The bargain shoppers
Makes homemade (free) lemonade out of lemon slices, sugar packets, and water. Will attempt to make complimentary bread/nachos/rice serve as 90% of their meal. Will demand constant refills on all of the above, because clearly they’re more important than all of your actual paying customers. Will attempt to return any entree on made-up bullshit grounds just to get it taken off the check. Restaurant won’t throw them out because “the customer is always right,” and because these assholes would immediately complain to corporate and you know those idiot desk jockey chucklefucks would take THEIR side in a heartbeat. ALWAYS a group (usually a family) -- never, ever travels solo. Tip? HAHAHAHAHAHAHAHAHAHA.
My maternal grandmother
Is from the Old Country. Has 50 questions for the server about a dozen different menu items, none of which she will wind up ordering. Calls food by the wrong names (mixes up “meatloaf” and “burgers” as well as “roast beef” and “pot roast”) and then gets annoyed when the hapless server doesn’t know what she actually MEANT (also continues to call the food by the wrong names no matter how many times you point this out to her). No matter what she gets or how many Michelin stars the food deserves, insists “I make better,” despite the fact she very, VERY much does NOT make better and once served family guests a lime Jell-O mold with tuna fish floating in it because she’d heard of aspic but hadn’t fully understood the concept.
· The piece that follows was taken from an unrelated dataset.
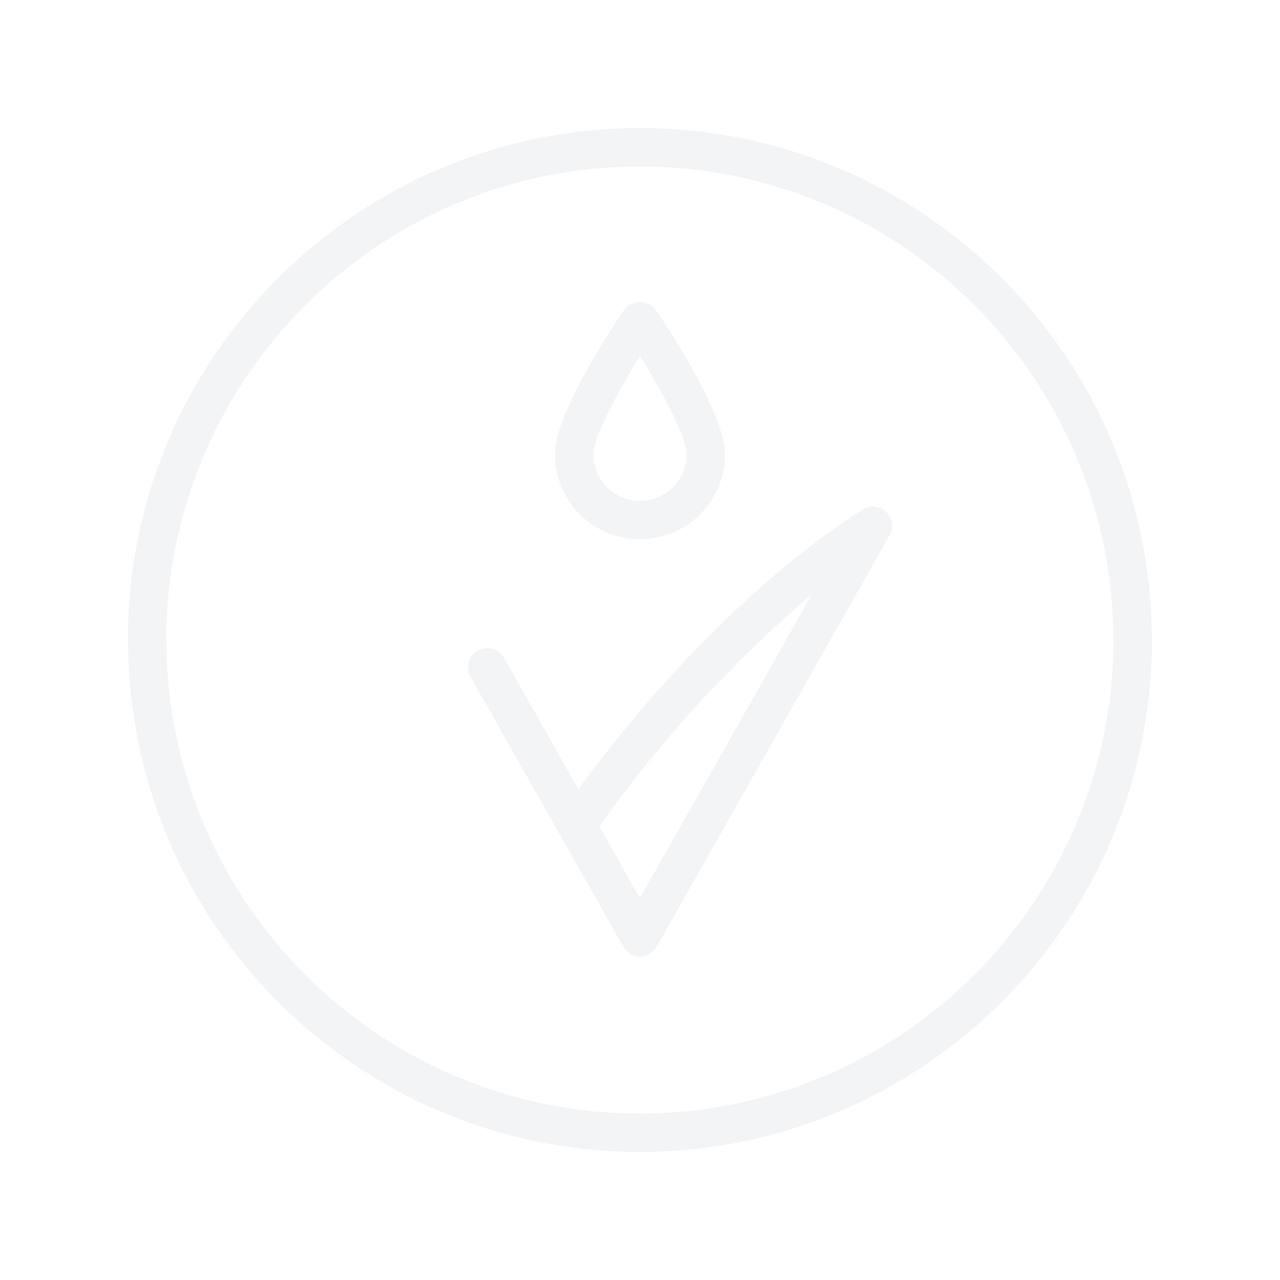 L'OREAL PROFESSIONNEL Blondifier Gloss Shampoo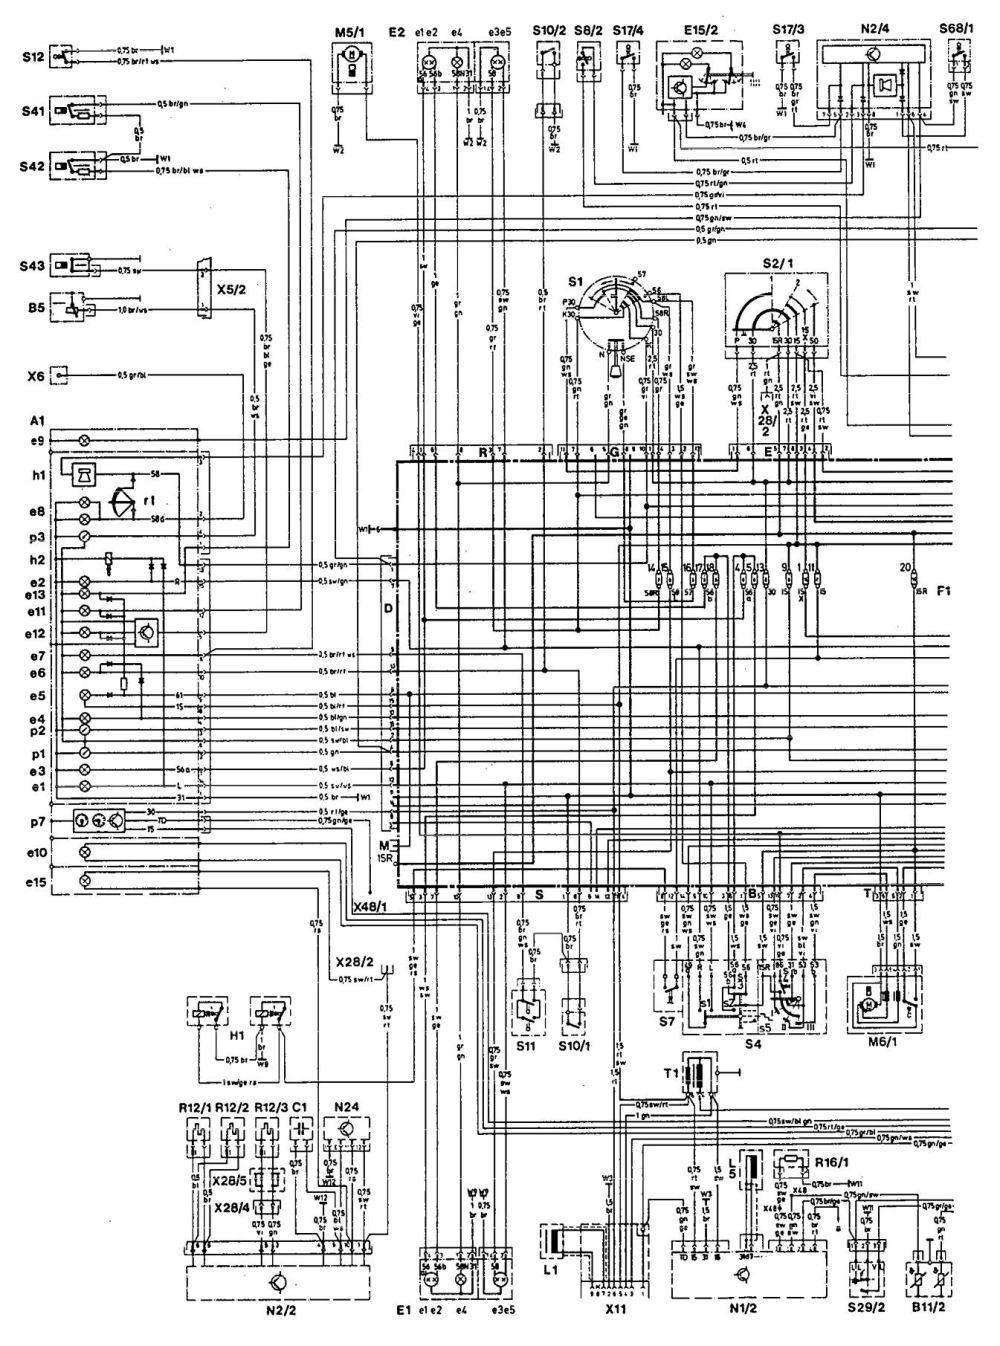 medium resolution of wiring diagram hose engineheater mercedes smart fortwo fuse box layout mercedes benz 190e wiring diagram charging

Has very strong opinions about food like sushi because she “doesn’t believe in raw fish,” despite the fact you’ve regularly seen her eat lox, which is close enough that she doesn’t have a leg to stand on in this argument (don’t @ me). Possibly says something vaguely racist in a stage whisper during the meal. Has literally no concept of irony. Her family loves her but would rather have ocular surgery sans anesthetic than go out to eat with her if it can possibly be avoided.